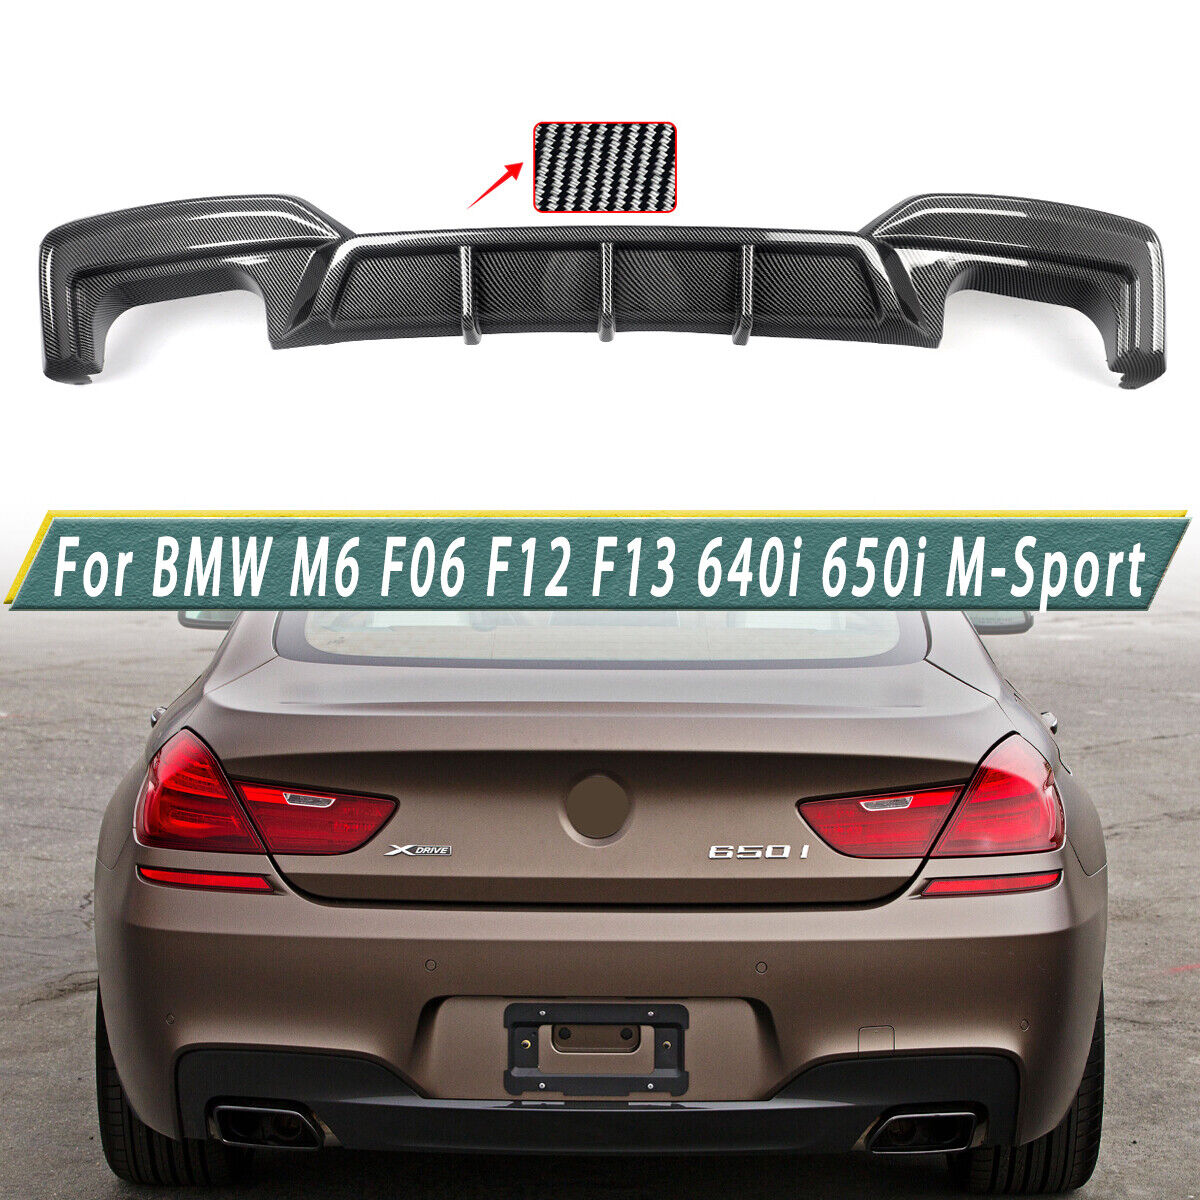 For BMW F06 F12 F13 640i 650i M Sport 2012-2018 Carbon Look Rear Bumper Diffuser
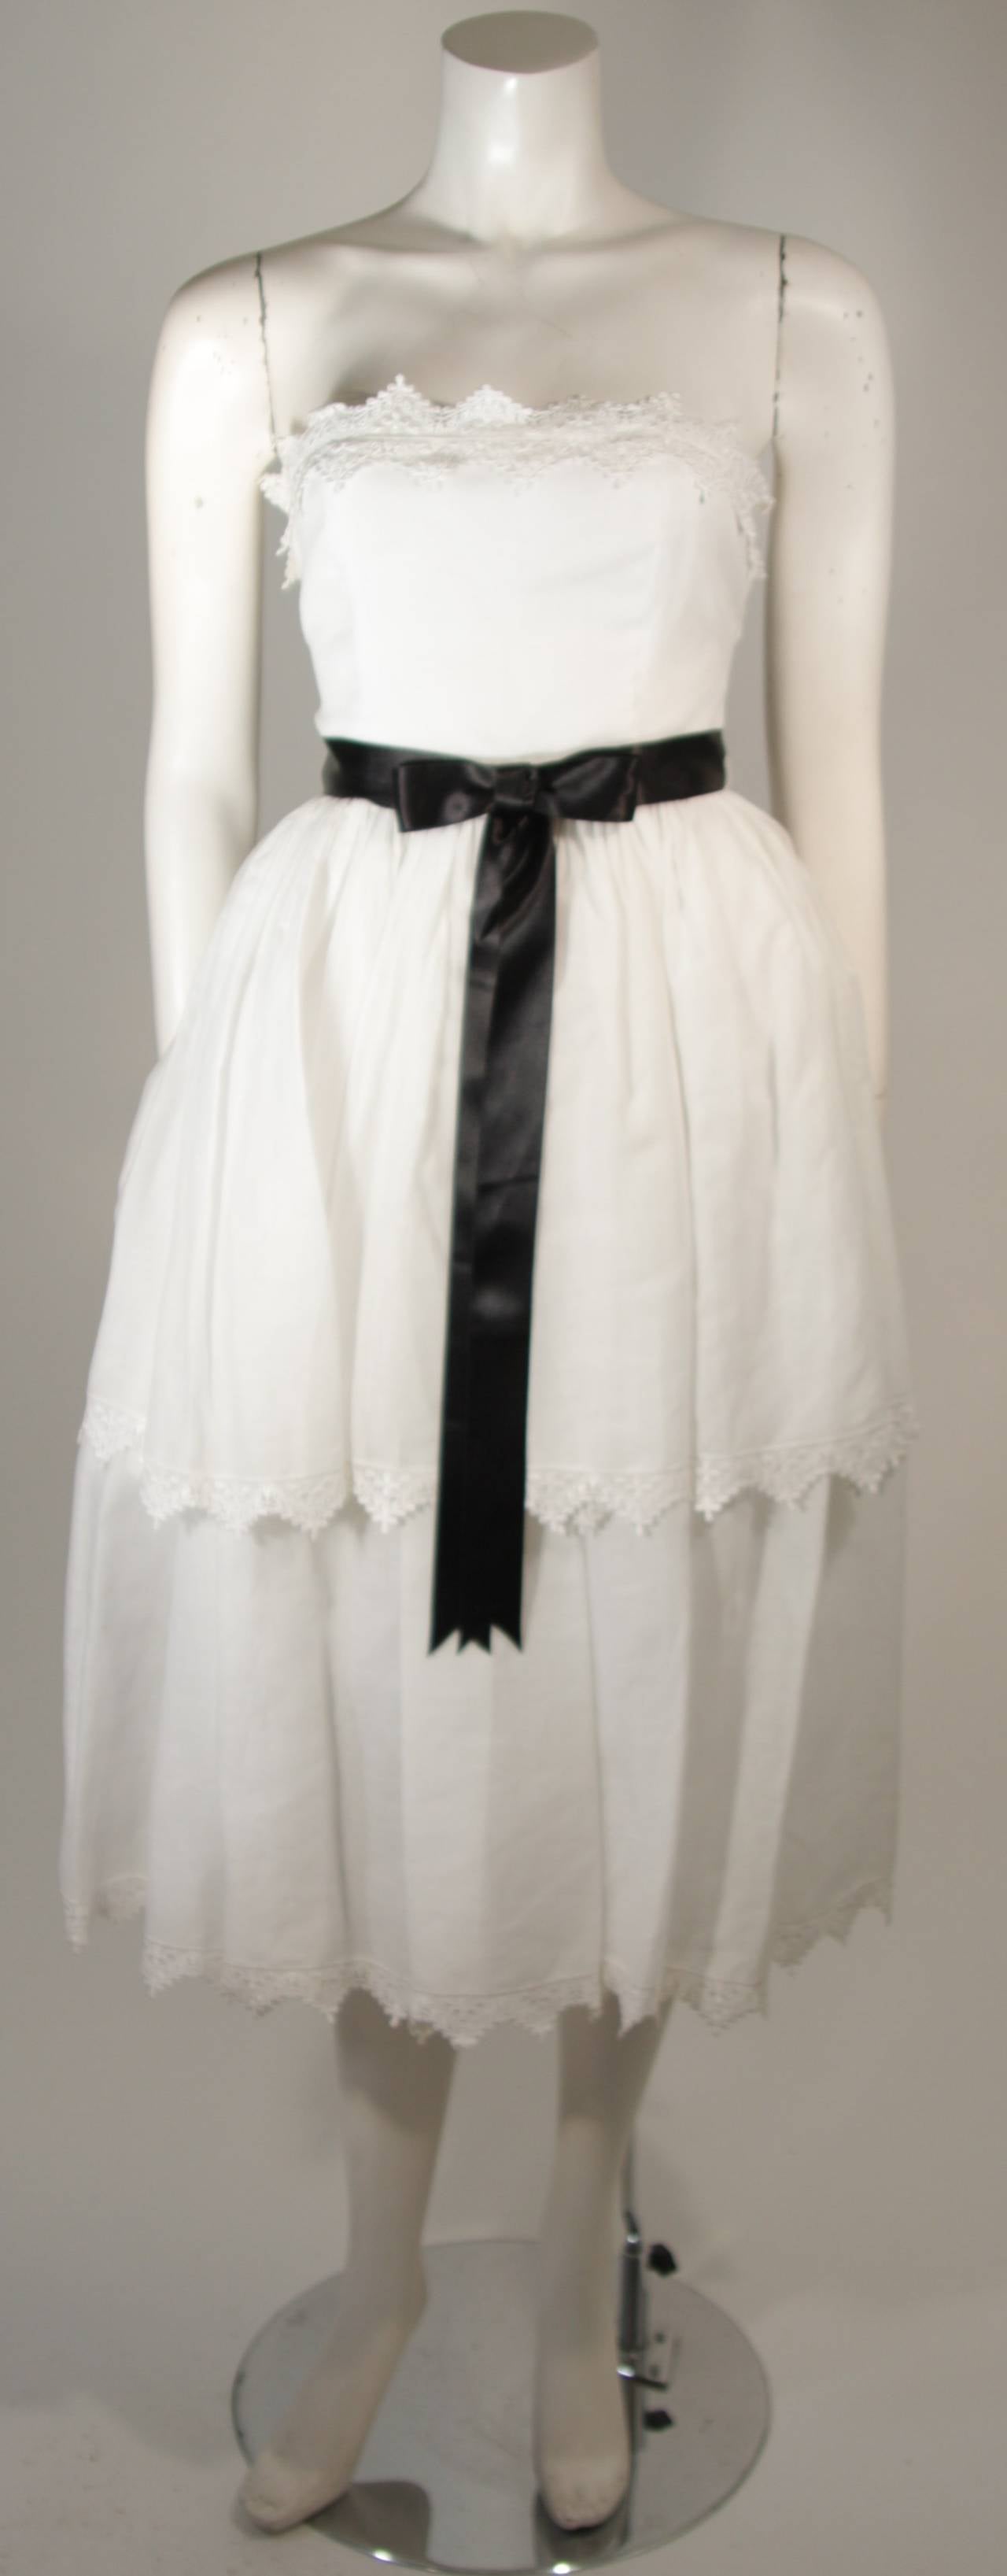 Dieses Kleid von Albert Capraro besteht aus weißer Baumwolle und hat einen Spitzenbesatz. Es gibt einen Reißverschluss in der Mitte des Rückens. In ausgezeichnetem Zustand. 

**Bitte vergleichen Sie die Maße für Ihre persönliche Genauigkeit. Die
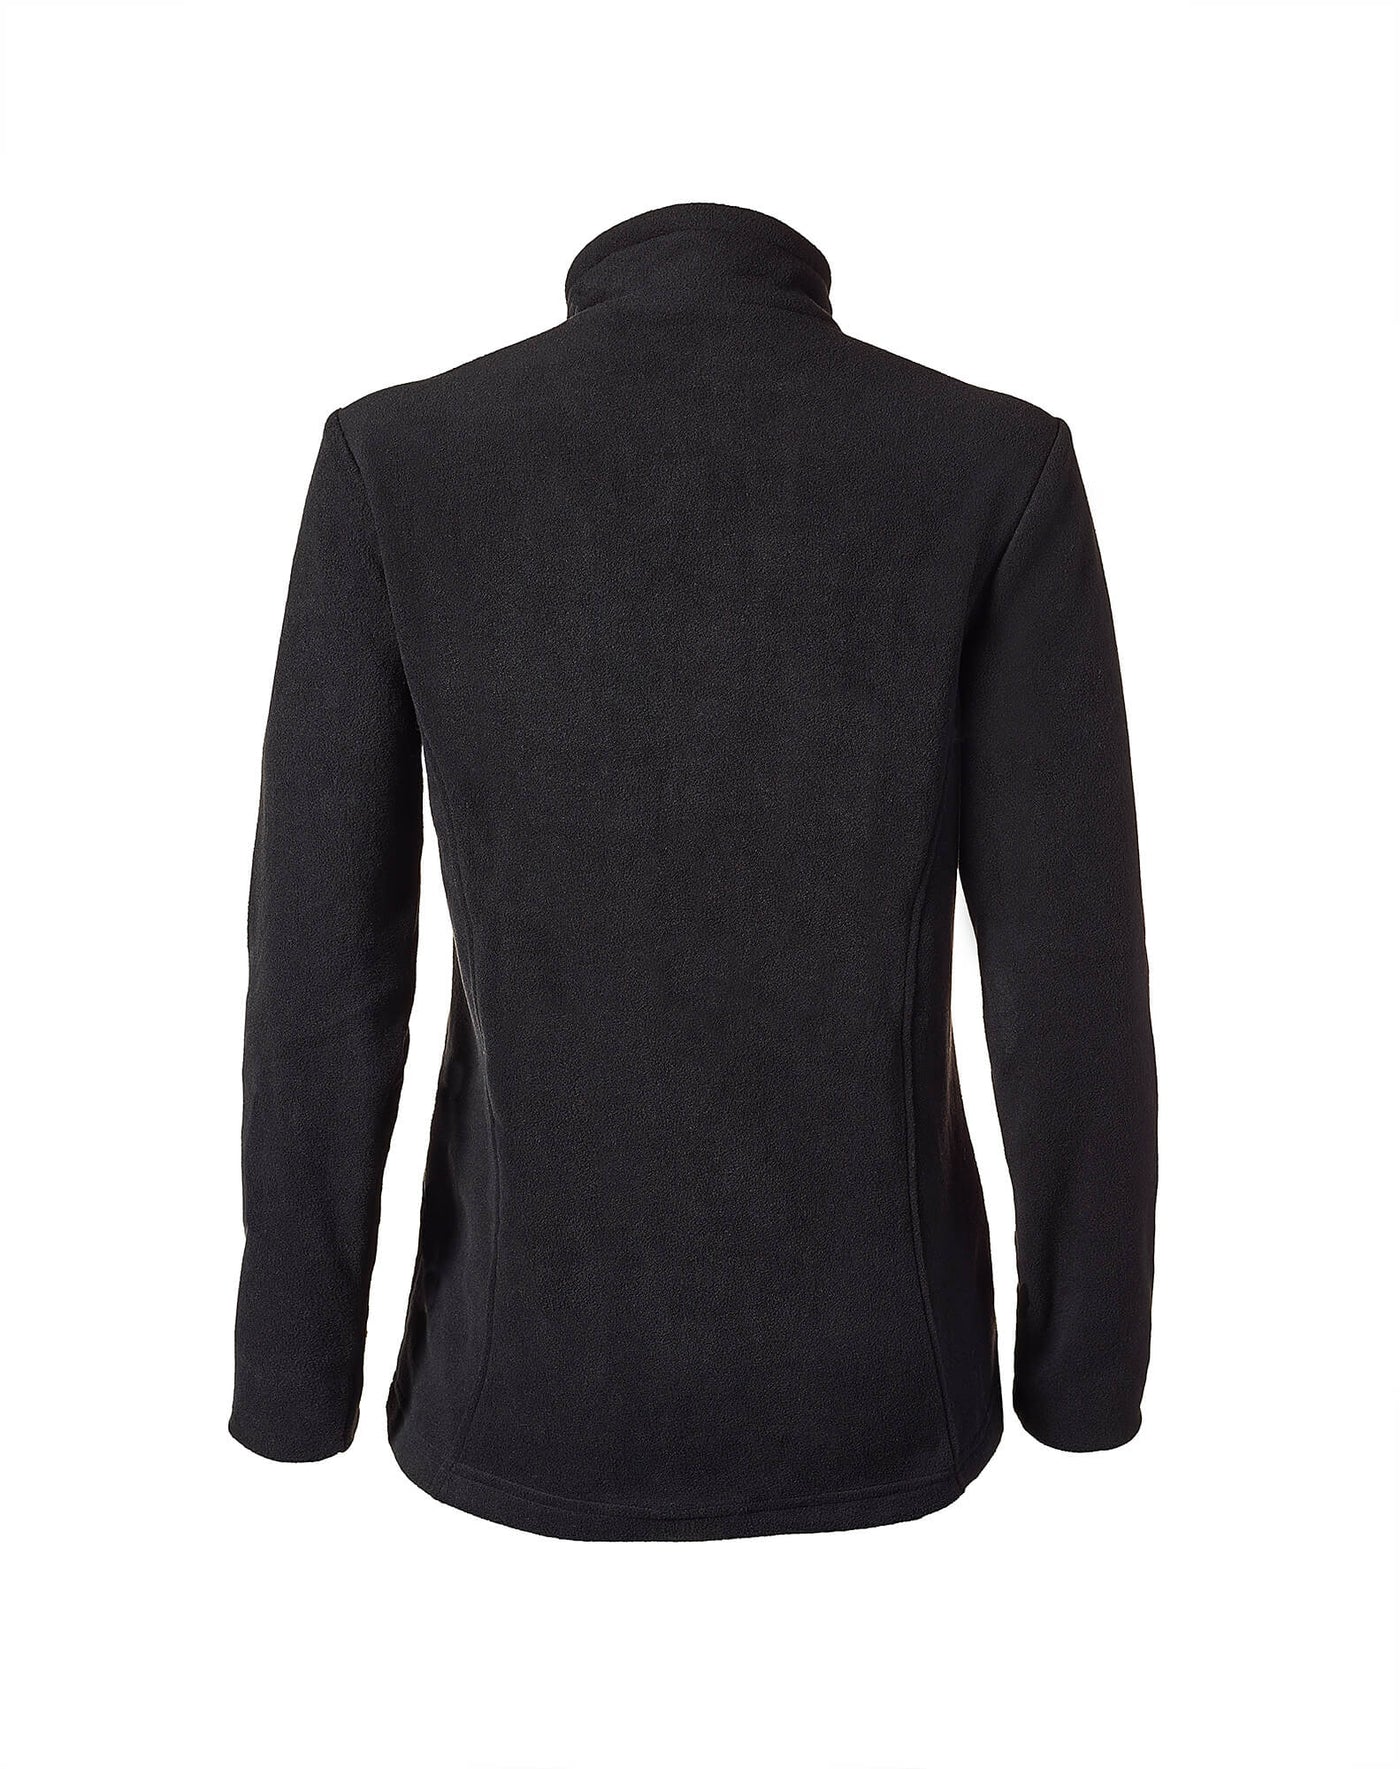 Manteau de laine polaire Malli - Femme - PROMO 19.99$

• [Work instruction]:
An exact repeat of all the data is required, pictures excluded.

• [Task solution]:
 For BMW F06 F12 F13 640i 650i M Sport 2012-2018 Carbon Look Rear Bumper Diffuser
 Dieses Kleid von Albert Capraro besteht aus weißer Baumwolle und hat einen Spitzenbesatz. Es gibt einen Reißverschluss in der Mitte des Rückens. In ausgezeichnetem Zustand. 

**Bitte vergleichen Sie die Maße für Ihre persönliche Genauigkeit. Die
 Manteau de laine polaire Malli - Femme - PROMO 19.99$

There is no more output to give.